» **Records for this exercise**
———
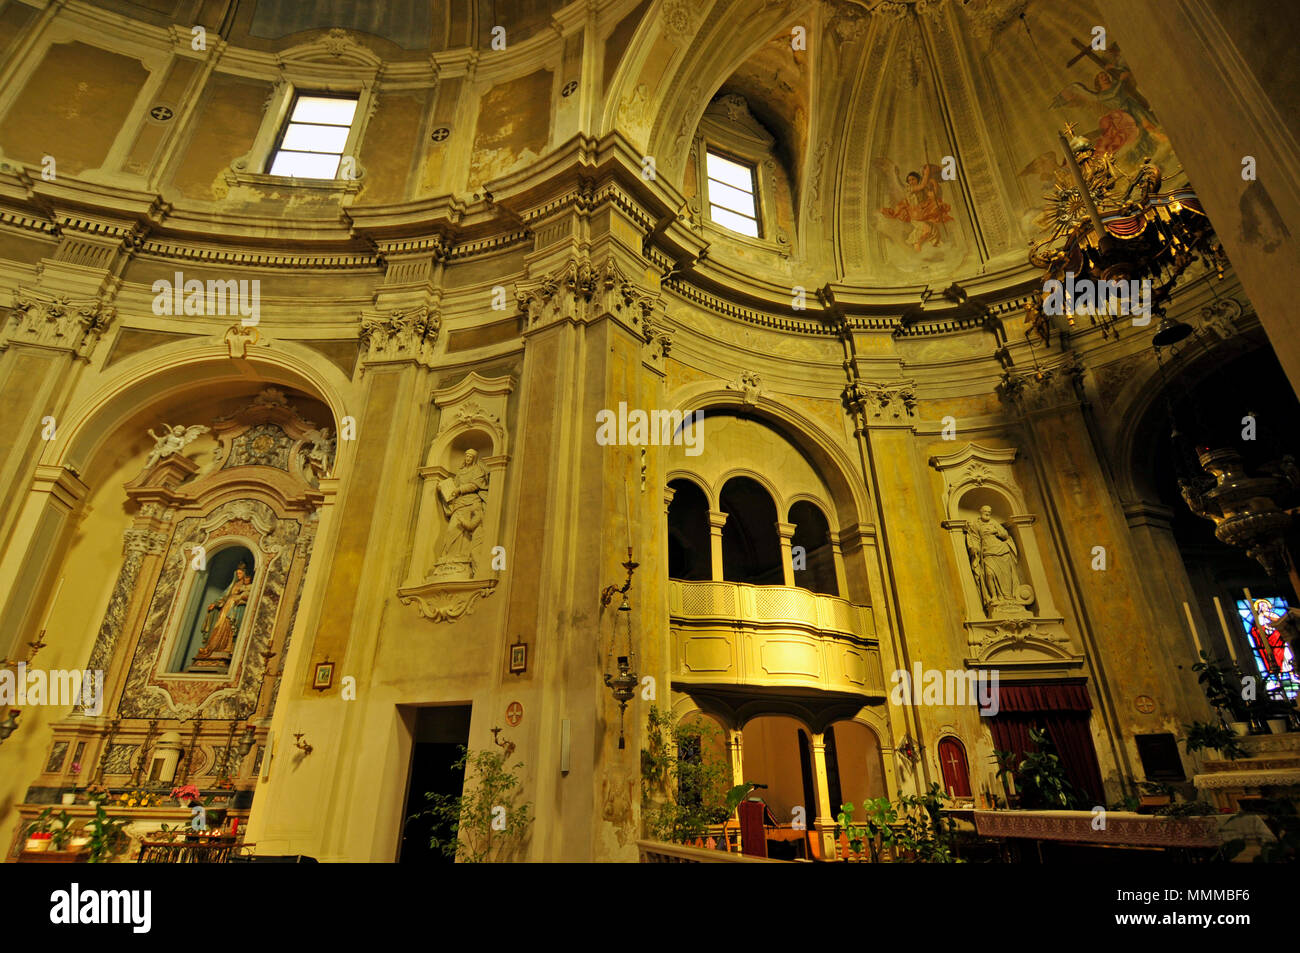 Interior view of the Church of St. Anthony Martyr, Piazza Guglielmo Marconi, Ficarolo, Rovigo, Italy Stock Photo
———
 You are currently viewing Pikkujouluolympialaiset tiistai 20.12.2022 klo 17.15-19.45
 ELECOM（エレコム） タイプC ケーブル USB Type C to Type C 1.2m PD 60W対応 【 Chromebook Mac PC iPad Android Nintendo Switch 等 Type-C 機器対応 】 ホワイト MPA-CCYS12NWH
———
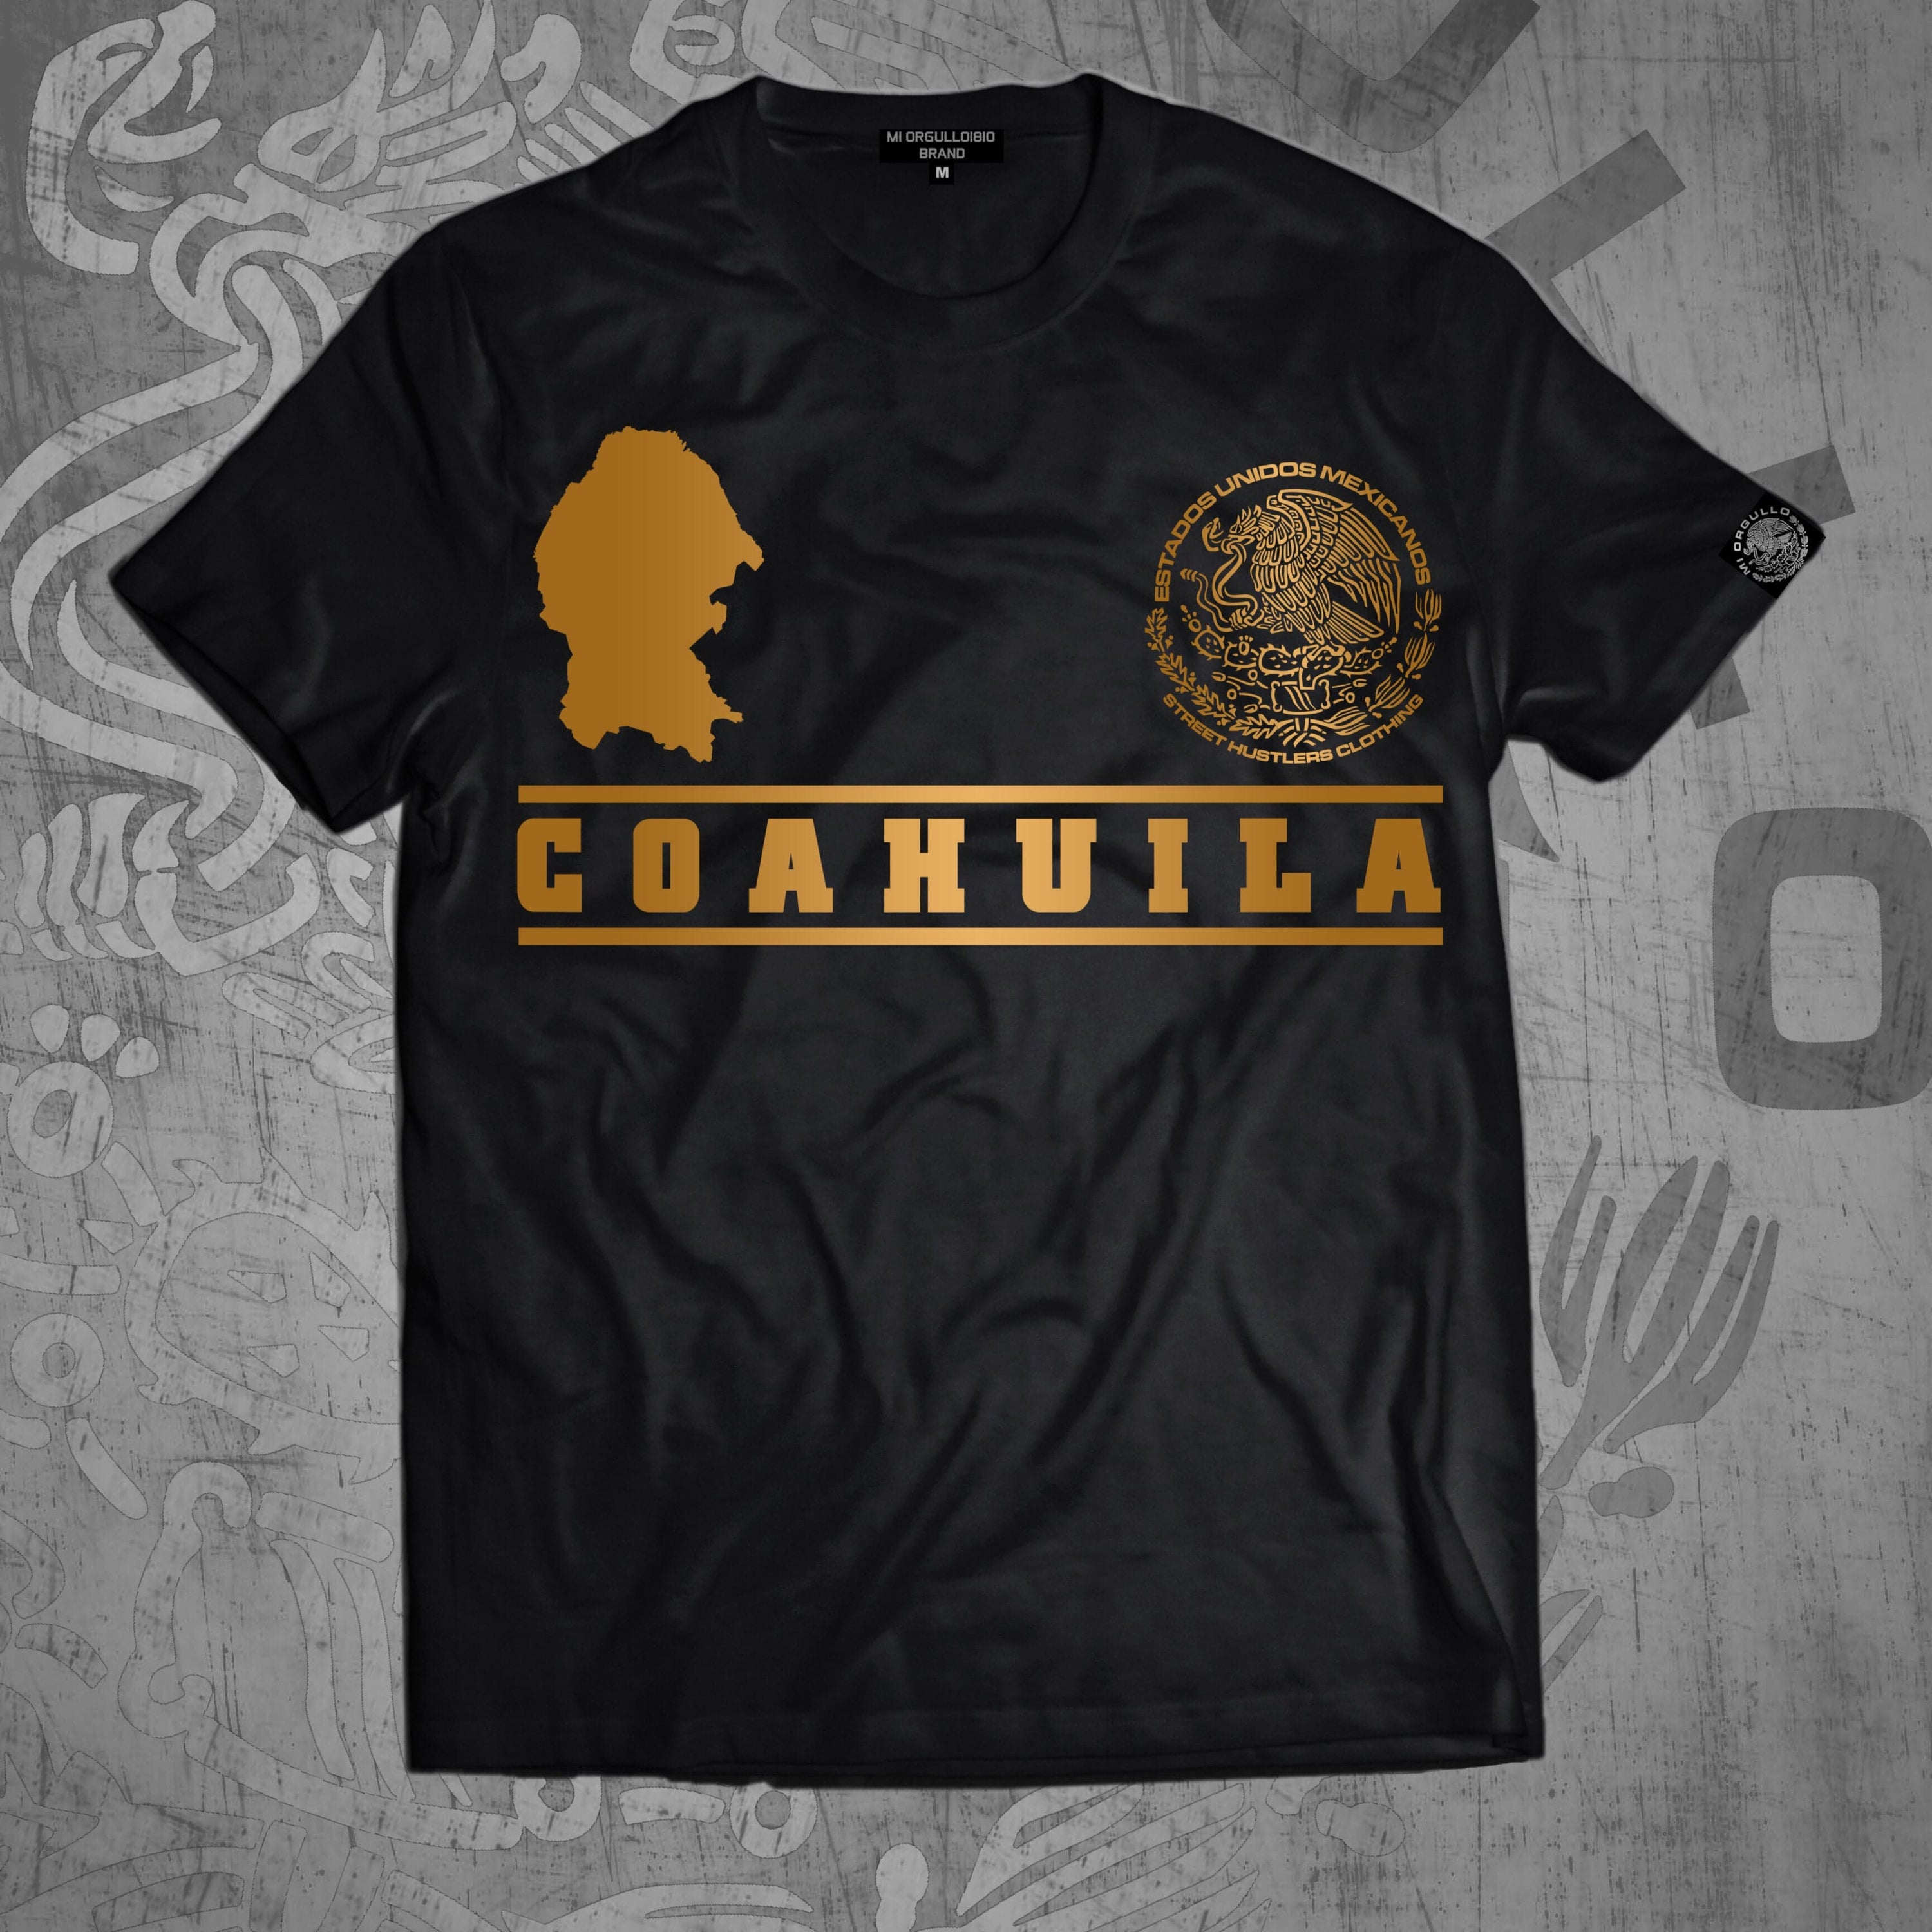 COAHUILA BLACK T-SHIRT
———
Using the data above, transcribe the lines that run from the line with "You are currently" to the line with "ELECOM（エレコム） タイプC ケーブル", both ends kept, and output nothing else.

» **Task result**
 You are currently viewing Pikkujouluolympialaiset tiistai 20.12.2022 klo 17.15-19.45
 ELECOM（エレコム） タイプC ケーブル USB Type C to Type C 1.2m PD 60W対応 【 Chromebook Mac PC iPad Android Nintendo Switch 等 Type-C 機器対応 】 ホワイト MPA-CCYS12NWH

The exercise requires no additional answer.